• **Source records**:
*** Begin section ***
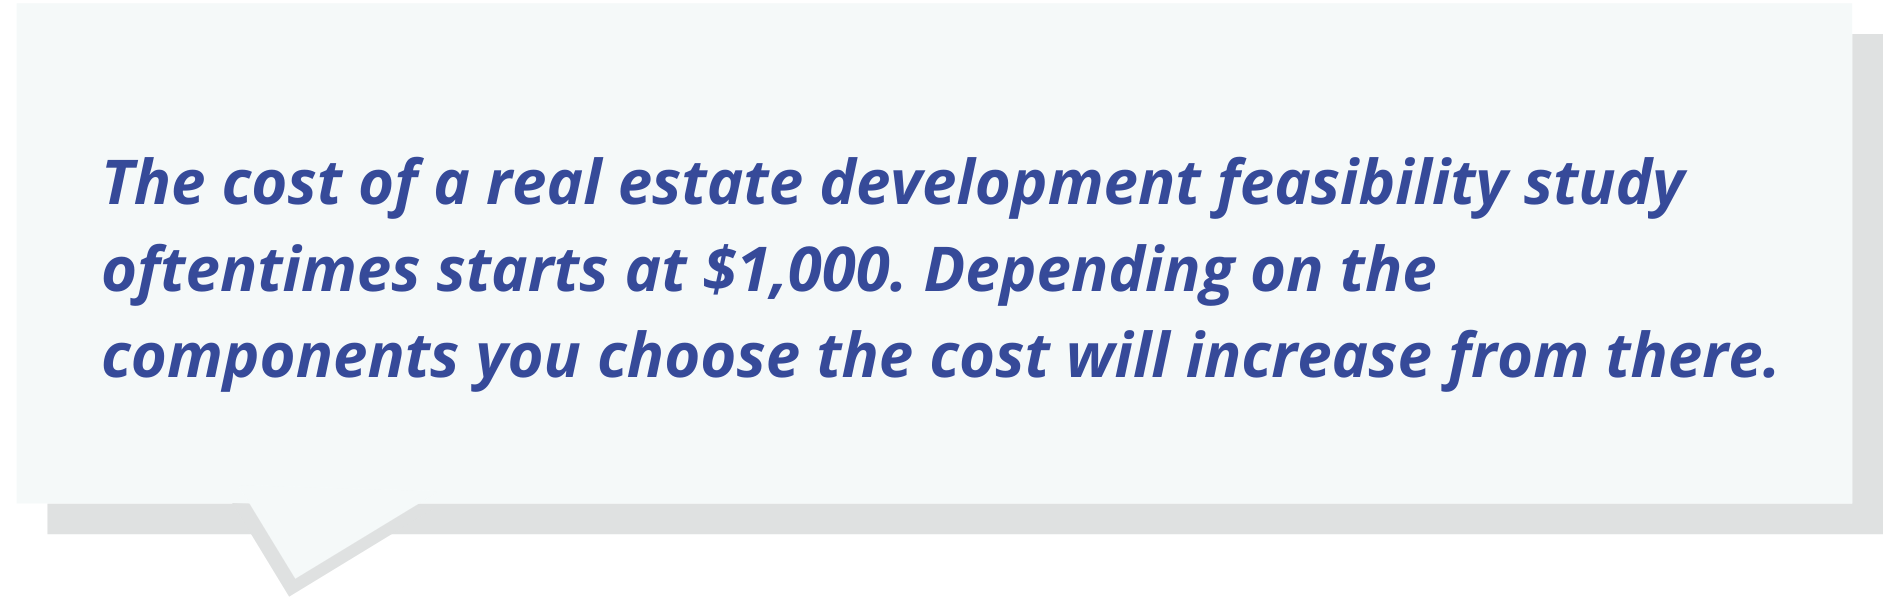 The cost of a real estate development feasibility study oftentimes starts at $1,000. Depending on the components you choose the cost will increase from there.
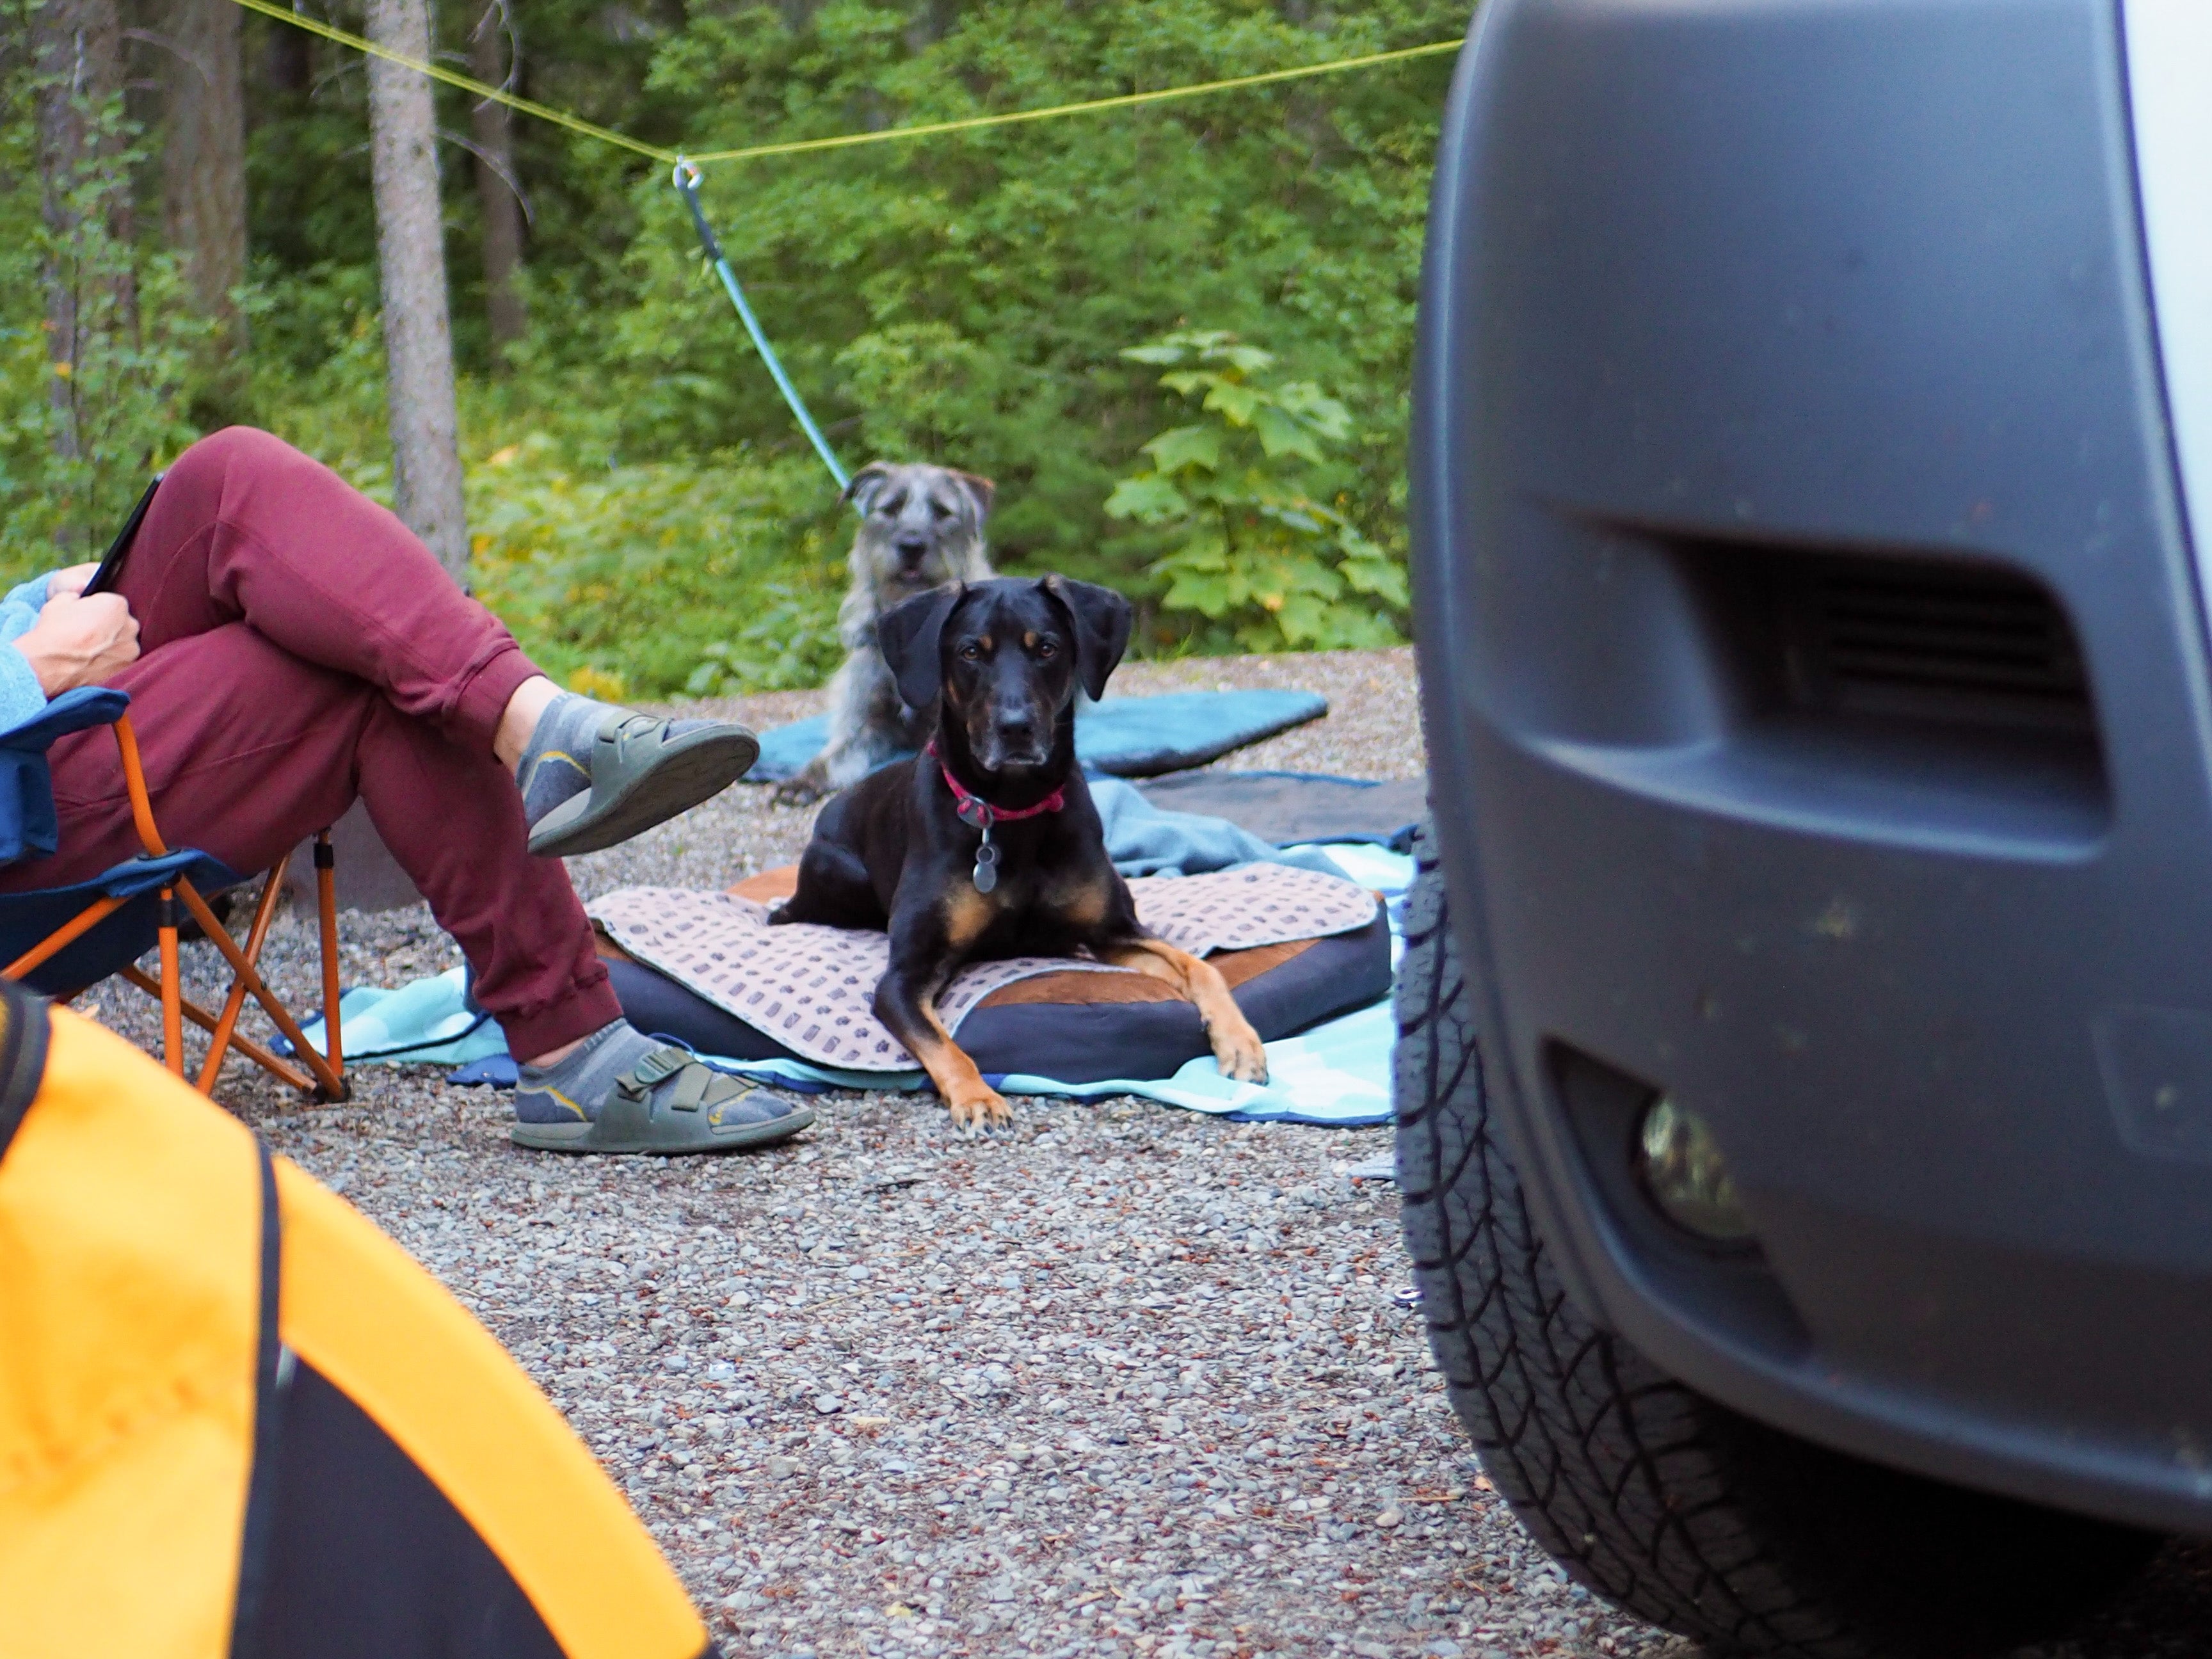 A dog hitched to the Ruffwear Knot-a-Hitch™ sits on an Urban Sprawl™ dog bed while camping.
*** End section ***
*** Begin section ***
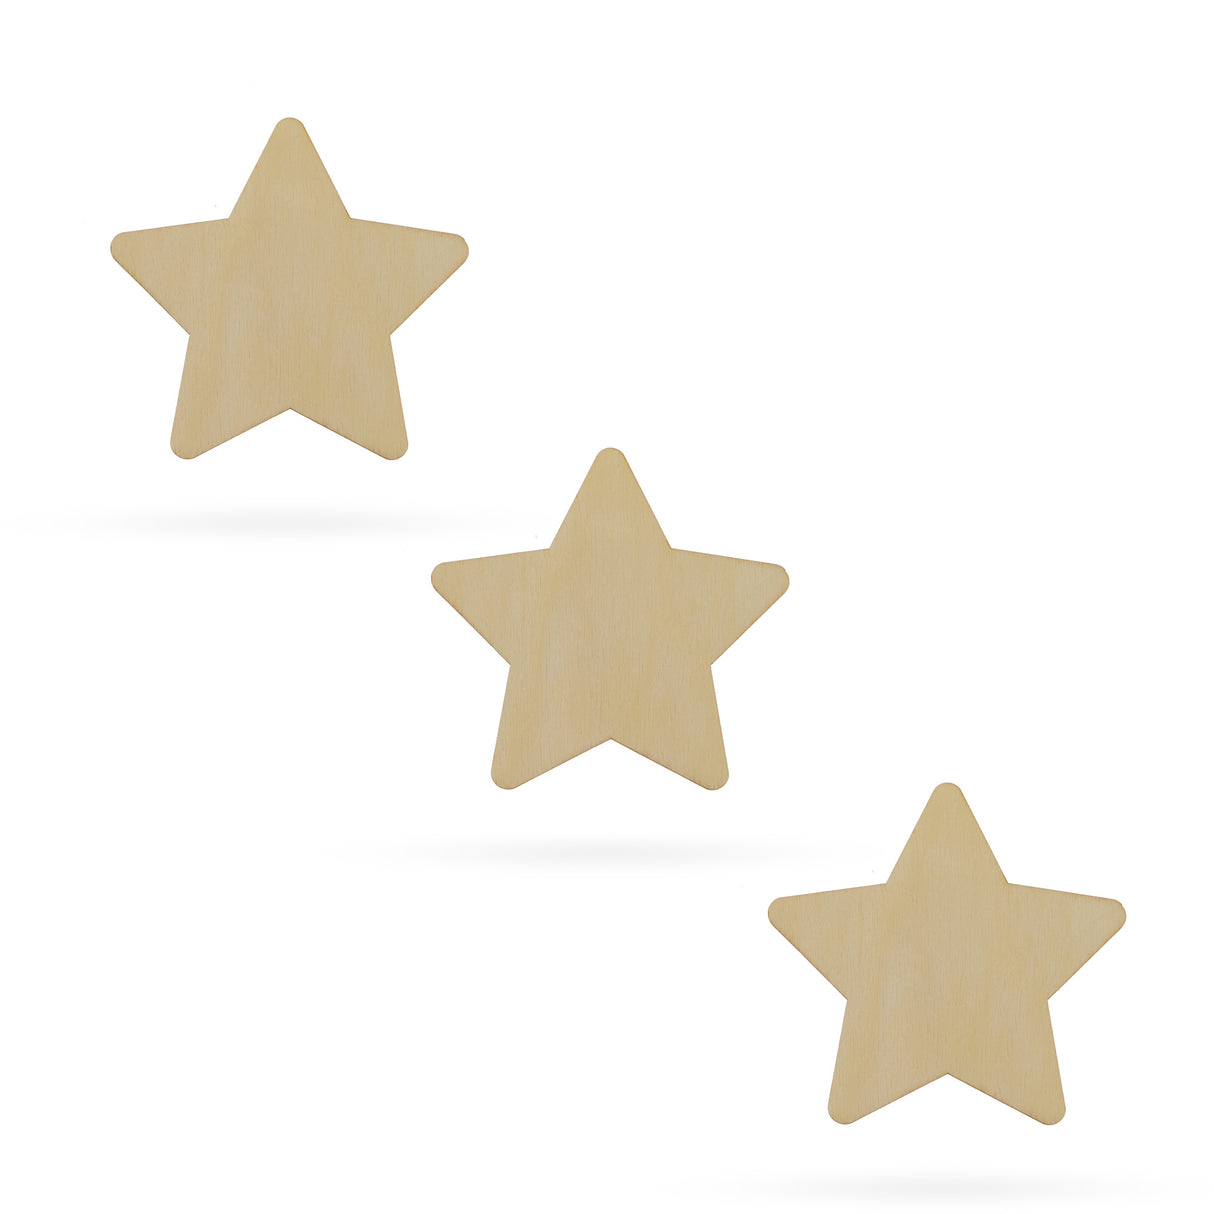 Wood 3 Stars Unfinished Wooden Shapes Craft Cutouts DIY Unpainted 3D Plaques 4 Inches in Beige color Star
*** End section ***
*** Begin section ***
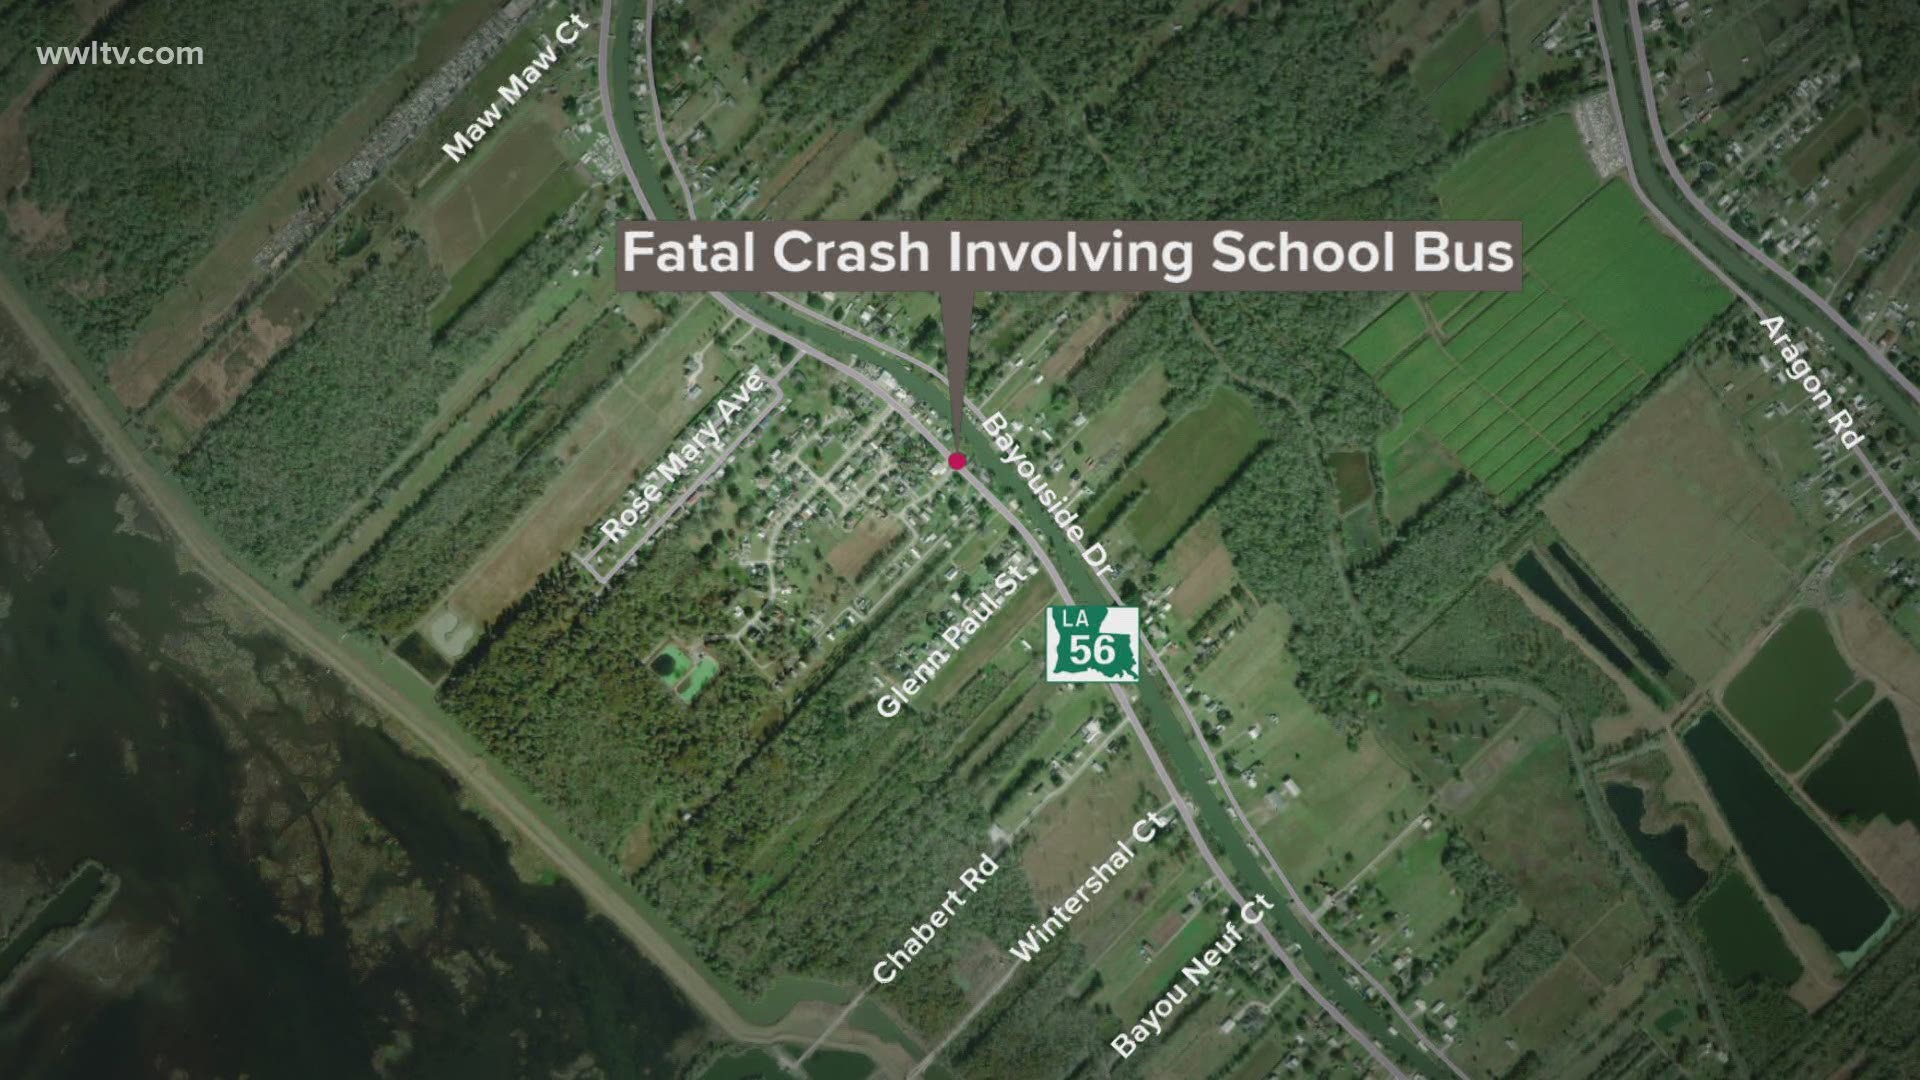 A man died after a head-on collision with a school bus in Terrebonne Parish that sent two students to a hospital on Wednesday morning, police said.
*** End section ***
• **Problem**: Set the pictures aside and reproduce exactly the lines above, from the line holding "The cost of" through the line holding "A dog hitched", both included, with nothing else.

• **Problem solution**:
 The cost of a real estate development feasibility study oftentimes starts at $1,000. Depending on the components you choose the cost will increase from there.
 A dog hitched to the Ruffwear Knot-a-Hitch™ sits on an Urban Sprawl™ dog bed while camping.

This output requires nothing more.